Daimler Truck itself is preparing customer trials of its liquid-hydrogen-powered NextGenH2 fuel-cell truck, which is designed for ranges of more than 1,000 kilometers.

Hydrogen is not dead

That contrast illustrates the increasingly nuanced reality of hydrogen in road transport. Hydrogen is not dead, but neither is it becoming the universal answer once promised by some industry forecasts.

The market remains overwhelmingly diesel-led. Of the 307,460 medium- and heavy-duty trucks registered in the EU in 2025, 93.2% were diesel. Electrically chargeable trucks accounted for 12,857 units, or 4.2% of registrations, although that share nearly doubled from 2.3% a year earlier.

Belgium broadly reflects that early-stage transition. Of the 9,033 trucks above 3.5 tonnes registered in the country in 2025, 325 were electrically chargeable, representing 3.6% of the market.

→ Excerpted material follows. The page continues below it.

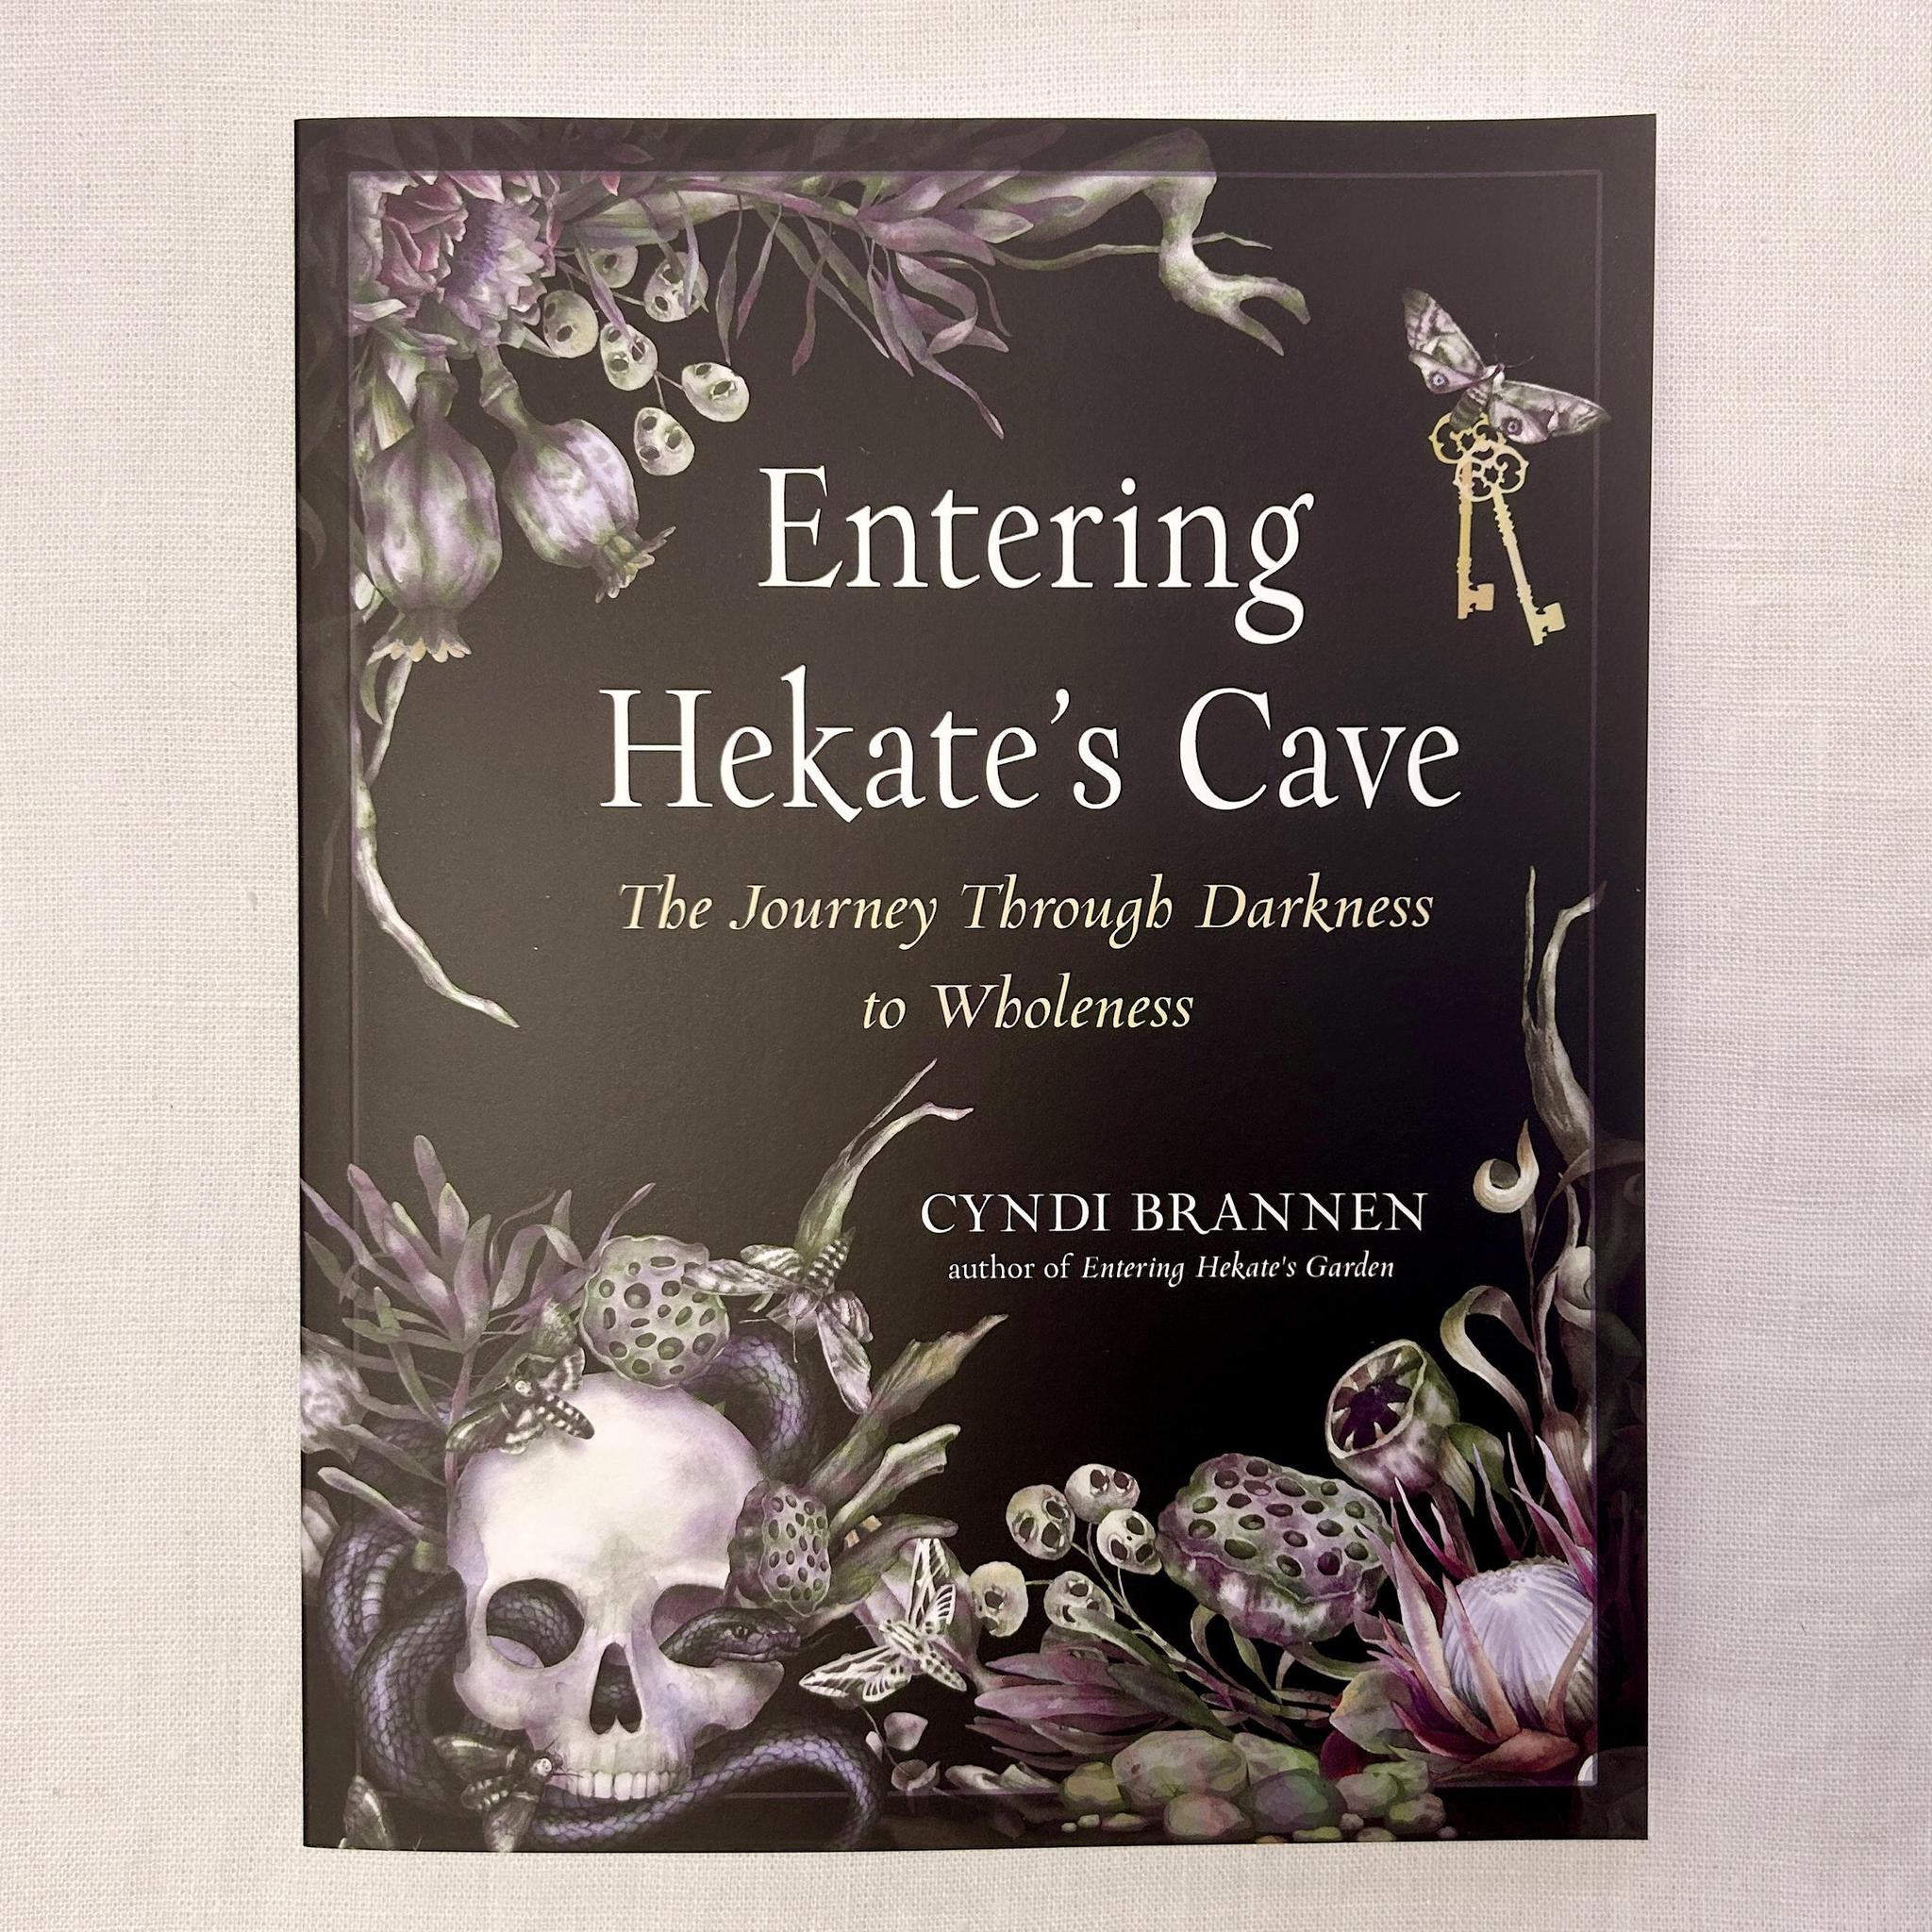 Entering Hekate's Cave book: the journey through darkness to wholeness

In the heavy-truck segment above 16 tonnes, the relevant battleground for long-haul freight, there were 191 electrically chargeable registrations out of 7,670, or just under 2.5%.

Hydrogen remains more marginal still. The latest Europe-wide fuel-cell dataset, covering 2024, records no registered N2/N3 fuel-cell trucks in Belgium. Hydrogen combustion is newer again, with the first European models only reaching the market in 2025.

Battery-electric to dominate

Battery-electric trucks are nevertheless expected to dominate most zero-emission heavy-duty sales this decade, particularly on routes where depot charging, public charging or predictable daily distances make them practical.

The European Commission expects 410,000 to 600,000 zero-emission heavy-duty vehicles on Europe’s roads by 2030, with up to 90% of them battery-electric.

By the end of 2024, more than 100 battery-electric truck models were available in series or small-series production, compared with 20 fuel-cell models in small series.

Hydrogen remains relevant where batteries face operational limits, but its economics are difficult. Hydrogen combustion trucks are less energy-efficient than battery-electric vehicles and generally consume around 20% to 30% more hydrogen than a comparable fuel-cell truck for the same work.

Their business case therefore depends on cheap low-carbon hydrogen and dependable refuelling infrastructure. Belgium’s three newly announced heavy-duty hydrogen stations, due by the end of 2027 with a combined capacity of more than seven tonnes per day, underline both the progress being made and how limited the dedicated network still is.